Voronwë_the_Faithful
Valinor
43 mins ago
Post #9 of 9
(11 views)
Shortcut
|
As you can see from that thread, I revisited the subject earlier this year (almost 20 years later), and I have been thinking a lot about the subject. In particular, I have been thinking about how Orcs fit into the interaction of Fate and Free Will in Tolkien's legendarium. There has been a considerable amount of reconsideration of Tolkien's Orcs, particularly by Robert Tally, beginning with his 2010 paper "Let Us Now Praise Famous Orcs: Simple Humanity in Tolkien's Inhuman Creatures" and culminating in his book last year The Mismeasure of Orcs: A Critical Reassessment of Tolkien's Demonized Creatures.
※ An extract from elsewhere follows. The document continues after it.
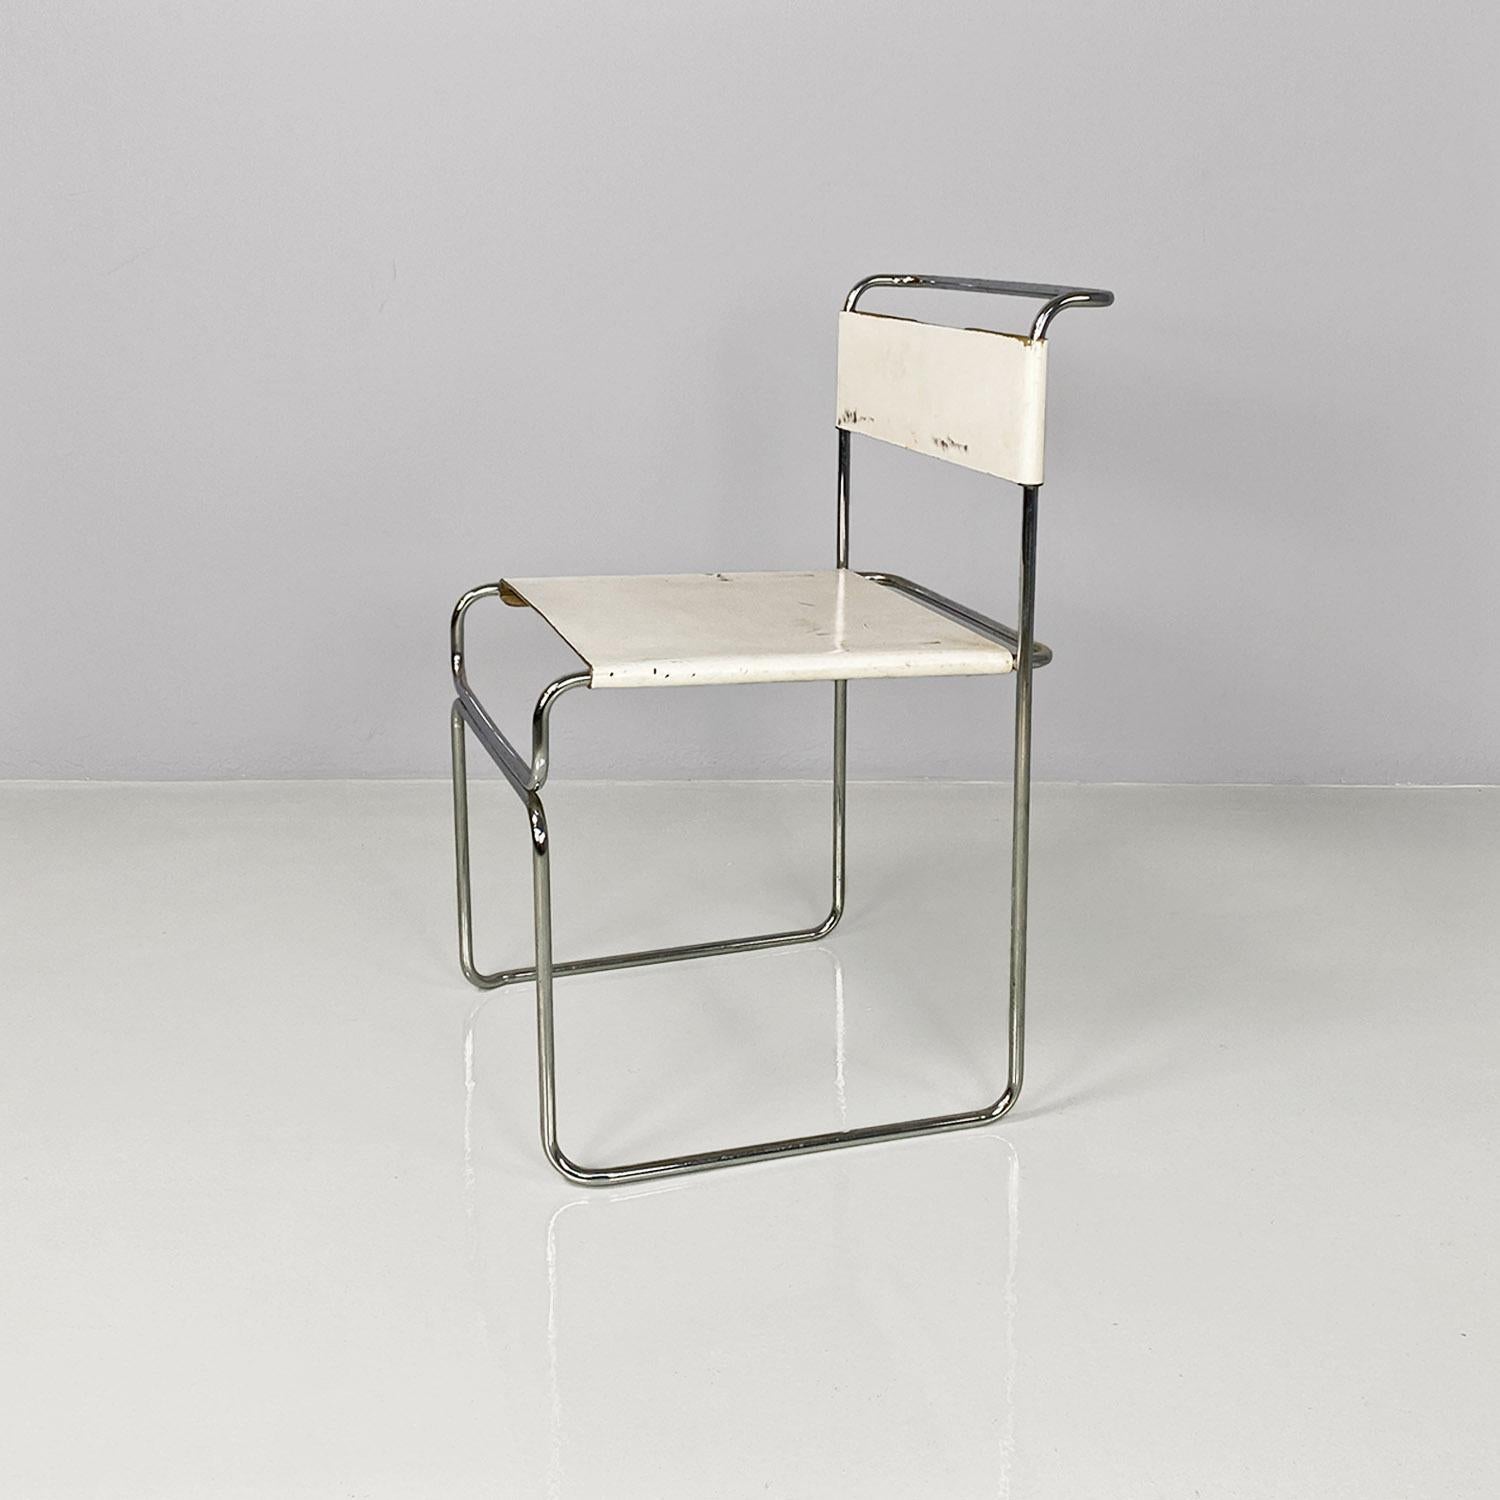 Chaise moderne italienne en métal chromé et cuir blanc Libellula conçue par Giovanni Carini et produite par Planula dans les années 1970.
Chaise modèle Libellula, empilable, avec structure en tiges métalliques, assise et dossier en cuir

And there has been a lot of discussion by various different Tolkien scholars (most prominently Verlyn Flieger), about the roles of Fate and Free Will in Tolkien's legendarium. But I am not aware of any works that connects the two, discussing how the role of the Orcs illuminates how the Marring of Arda by Melkor impacts the complicated interaction of Fate and Free Will. That might have to change.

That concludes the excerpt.